### Task
Taking the line that contains "1-комнатная квартира посуточно" as the first and the final line of the records as the last, write out every line between them exactly, ends included, and nothing else.

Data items
○ ○ ○ ○ ○

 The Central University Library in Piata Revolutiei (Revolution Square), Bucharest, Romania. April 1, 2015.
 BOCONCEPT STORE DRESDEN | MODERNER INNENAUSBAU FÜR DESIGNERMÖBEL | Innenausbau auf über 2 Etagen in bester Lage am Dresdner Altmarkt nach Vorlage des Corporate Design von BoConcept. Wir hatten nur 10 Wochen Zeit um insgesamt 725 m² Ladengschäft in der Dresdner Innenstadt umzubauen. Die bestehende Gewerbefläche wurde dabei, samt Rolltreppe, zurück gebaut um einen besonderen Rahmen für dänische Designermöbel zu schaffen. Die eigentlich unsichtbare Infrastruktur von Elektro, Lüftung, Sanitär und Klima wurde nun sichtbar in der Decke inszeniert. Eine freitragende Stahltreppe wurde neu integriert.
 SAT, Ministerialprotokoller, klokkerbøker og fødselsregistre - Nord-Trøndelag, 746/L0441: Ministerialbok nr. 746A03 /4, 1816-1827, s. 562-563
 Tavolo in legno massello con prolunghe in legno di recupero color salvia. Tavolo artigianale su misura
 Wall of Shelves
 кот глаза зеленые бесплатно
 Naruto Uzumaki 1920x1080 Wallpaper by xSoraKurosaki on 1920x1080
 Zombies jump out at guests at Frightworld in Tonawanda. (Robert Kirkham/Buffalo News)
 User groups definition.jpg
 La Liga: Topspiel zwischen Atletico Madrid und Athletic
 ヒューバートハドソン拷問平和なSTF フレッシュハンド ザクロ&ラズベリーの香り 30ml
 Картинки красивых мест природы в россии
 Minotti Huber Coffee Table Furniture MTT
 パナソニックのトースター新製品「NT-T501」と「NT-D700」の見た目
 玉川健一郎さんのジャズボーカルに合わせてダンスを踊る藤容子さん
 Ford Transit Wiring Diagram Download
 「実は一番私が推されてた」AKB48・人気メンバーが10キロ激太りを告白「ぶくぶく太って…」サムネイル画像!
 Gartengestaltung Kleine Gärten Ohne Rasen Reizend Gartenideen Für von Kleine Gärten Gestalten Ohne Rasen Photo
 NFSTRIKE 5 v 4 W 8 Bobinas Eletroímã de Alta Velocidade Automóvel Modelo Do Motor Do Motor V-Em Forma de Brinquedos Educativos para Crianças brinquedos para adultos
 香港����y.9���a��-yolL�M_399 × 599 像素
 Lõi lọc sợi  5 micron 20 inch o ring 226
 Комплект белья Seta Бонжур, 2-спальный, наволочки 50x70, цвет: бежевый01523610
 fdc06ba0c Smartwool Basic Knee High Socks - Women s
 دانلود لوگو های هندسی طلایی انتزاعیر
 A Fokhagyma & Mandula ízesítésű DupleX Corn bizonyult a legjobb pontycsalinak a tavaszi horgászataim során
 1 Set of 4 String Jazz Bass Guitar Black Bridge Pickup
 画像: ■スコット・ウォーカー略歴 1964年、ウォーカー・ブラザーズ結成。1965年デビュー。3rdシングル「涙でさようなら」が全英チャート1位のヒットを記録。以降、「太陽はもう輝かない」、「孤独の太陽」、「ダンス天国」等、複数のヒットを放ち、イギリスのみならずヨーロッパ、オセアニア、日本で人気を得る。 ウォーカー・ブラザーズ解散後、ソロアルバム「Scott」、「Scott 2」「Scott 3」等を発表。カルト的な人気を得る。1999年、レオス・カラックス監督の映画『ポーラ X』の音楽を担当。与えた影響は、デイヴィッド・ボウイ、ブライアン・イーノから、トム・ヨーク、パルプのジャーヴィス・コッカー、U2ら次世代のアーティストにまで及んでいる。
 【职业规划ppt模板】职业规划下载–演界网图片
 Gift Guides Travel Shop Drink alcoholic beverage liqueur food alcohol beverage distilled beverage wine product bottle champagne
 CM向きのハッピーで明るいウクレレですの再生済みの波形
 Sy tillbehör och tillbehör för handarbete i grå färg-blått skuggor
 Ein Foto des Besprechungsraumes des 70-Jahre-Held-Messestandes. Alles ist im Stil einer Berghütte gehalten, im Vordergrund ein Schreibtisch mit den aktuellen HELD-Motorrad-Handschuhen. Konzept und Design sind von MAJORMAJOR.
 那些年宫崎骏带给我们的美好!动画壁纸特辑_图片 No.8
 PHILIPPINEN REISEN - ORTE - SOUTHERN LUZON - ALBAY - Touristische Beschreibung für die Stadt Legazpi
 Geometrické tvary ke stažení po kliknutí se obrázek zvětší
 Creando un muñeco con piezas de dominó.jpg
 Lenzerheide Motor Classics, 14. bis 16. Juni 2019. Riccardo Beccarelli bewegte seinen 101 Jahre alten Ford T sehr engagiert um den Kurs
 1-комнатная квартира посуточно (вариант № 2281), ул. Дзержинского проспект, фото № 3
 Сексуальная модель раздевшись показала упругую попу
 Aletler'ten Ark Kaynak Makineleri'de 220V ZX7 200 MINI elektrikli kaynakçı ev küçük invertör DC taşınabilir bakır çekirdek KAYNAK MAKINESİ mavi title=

○ ○ ○ ○ ○

### Response to this exercise
 1-комнатная квартира посуточно (вариант № 2281), ул. Дзержинского проспект, фото № 3
 Сексуальная модель раздевшись показала упругую попу
 Aletler'ten Ark Kaynak Makineleri'de 220V ZX7 200 MINI elektrikli kaynakçı ev küçük invertör DC taşınabilir bakır çekirdek KAYNAK MAKINESİ mavi title=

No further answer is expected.